WASHINGTON — A Maryland congressman says Metro is lucky no one was hurt or killed by last week’s train derailment and that more federal oversight might be needed. Meanwhile riders have mixed reactions to the transit system’s safety record.
Rep. Chris Van Hollen tells WTOP that the Aug. 6 Metro derailment outside the Smithsonian Station is a “situation of gross negligence,” and calls Metro’s inaction dangerous
Metro’s interim general manager Jack Requa said Tuesday that the derailment could have been avoided had Metro repaired a section of track that had spread apart when the problem was first identified in July. Requa said such track damage is the result of decades of deferred upkeep and repairs.
“It was just a stroke of luck that the train that derailed did not have passengers on it.” Van Hollen says. “You have a real possibility people would have been hurt or killed over a defect that Metro knew about.”
Van Hollen brought up January’s electrical smoke that filled a Metro train killing one rider and sending dozens of others to the hospital.

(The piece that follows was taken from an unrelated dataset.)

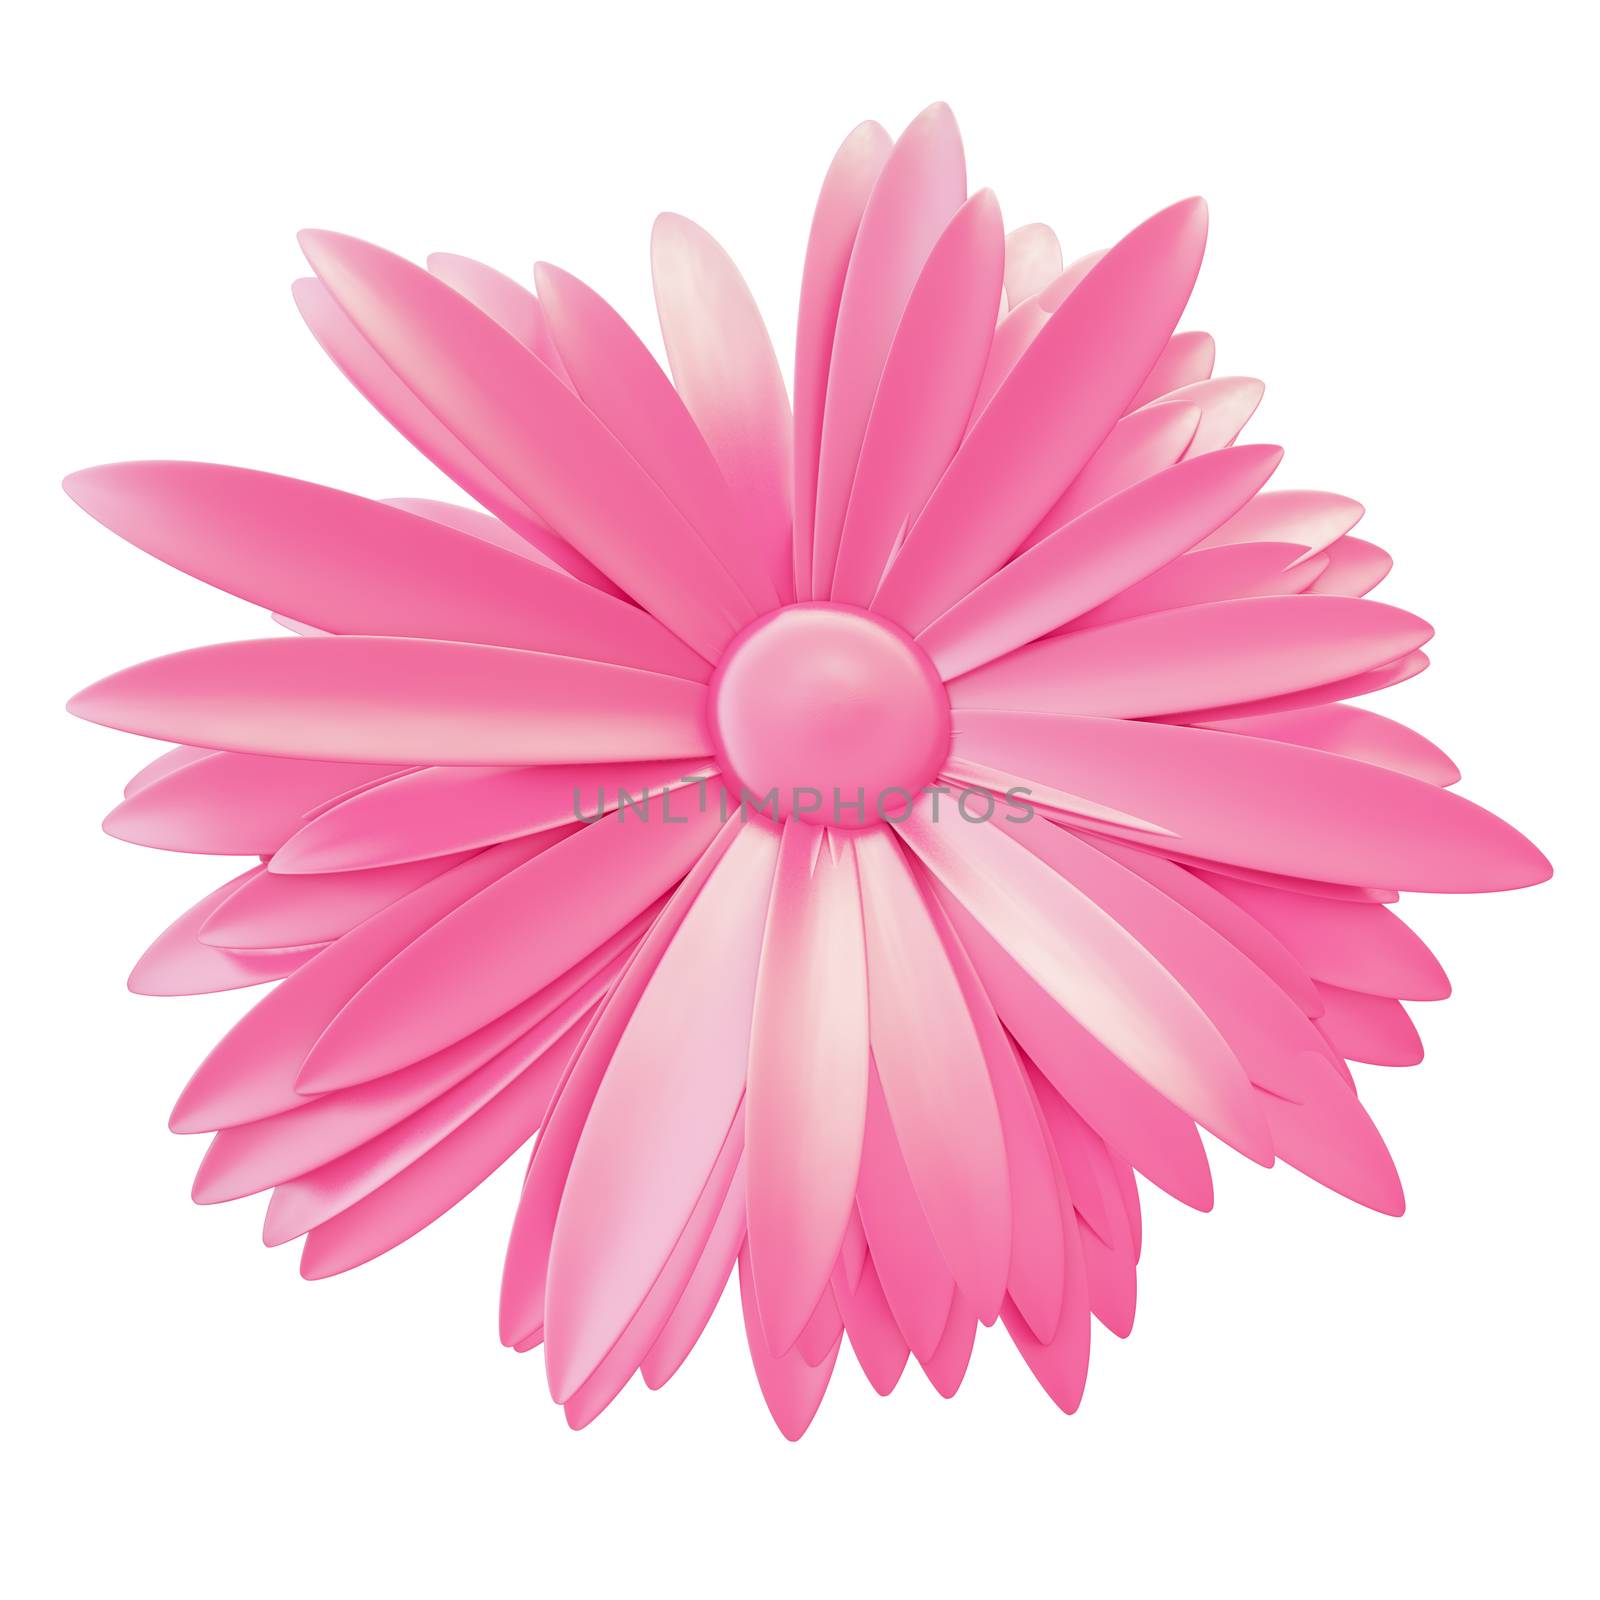 Light Pink Flower isolated on white background. 3d illustration
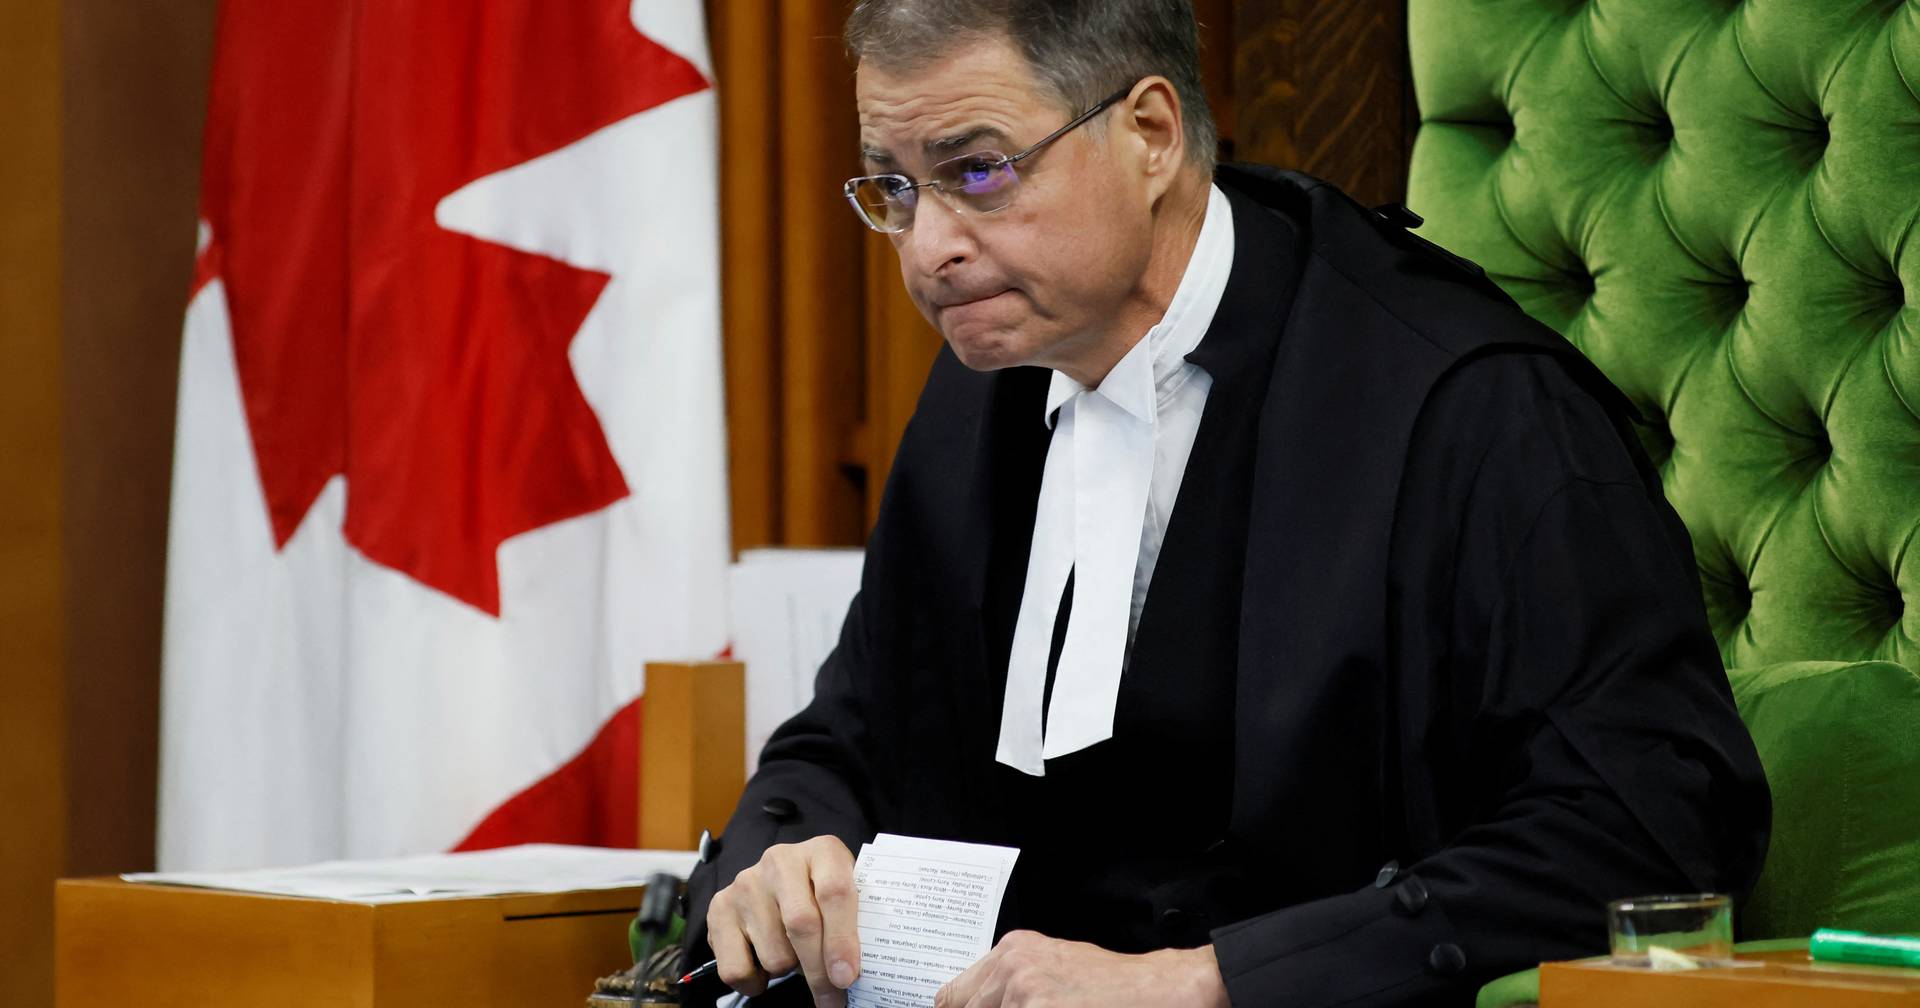 Invitation to Nazi veteran leads Speaker of Canada’s Common House to resign

“This is a troubling pattern,” says Van Hollen, calling it, “another situation where Metro had knowledge of the situation and didn’t act.”
Van Hollen says Metro’s priority should be finding a permanent general manager.
“Right now there’s nobody at the top, there’s nobody in charge. We need to make sure that the counties in the Metro system stop debating what the quality criteria should be for the new manager and bring somebody on.”
According to Van Hollen, the Federal Transit Administration should be more involved in enforcing safety standards. He says there’s a set of federal safety standards for rail cars, but none for signaling, track equipment and inspection programs.
And he says there’s been talk in the U.S. Senate about increased federal oversight of Metro safety procedures.
“If they’re not going to be putting these standards in place and applying them, then we’re going to have to even more federal oversight.”
For commuters that rely on Metro, service disruptions like the Orange Line derailment are concerning, but not a deterrent.
“I’m going to be using Metro on a day-to-day basis because I am not driving downtown,” says Metro rider Gail Clark, of Falls Church. “But that doesn’t mean I don’t have concerns.”
Some riders aren’t expecting any big changes, despite what people like Van Hollen and Requa have been saying.
“I don’t think that anything is going to change,” says passenger Kelly Ort, of Alexandria. “Hasn’t changed yet, why would it change now?”
Rider Jack D’Andrea, of Charlotte, North Carolina, says the apparently avoidable derailment was unexpected. “As a rider it shocks me, but as someone with a rail background, it also shocks me,” he says.
WTOP’s Dennis Foley contributed to this report.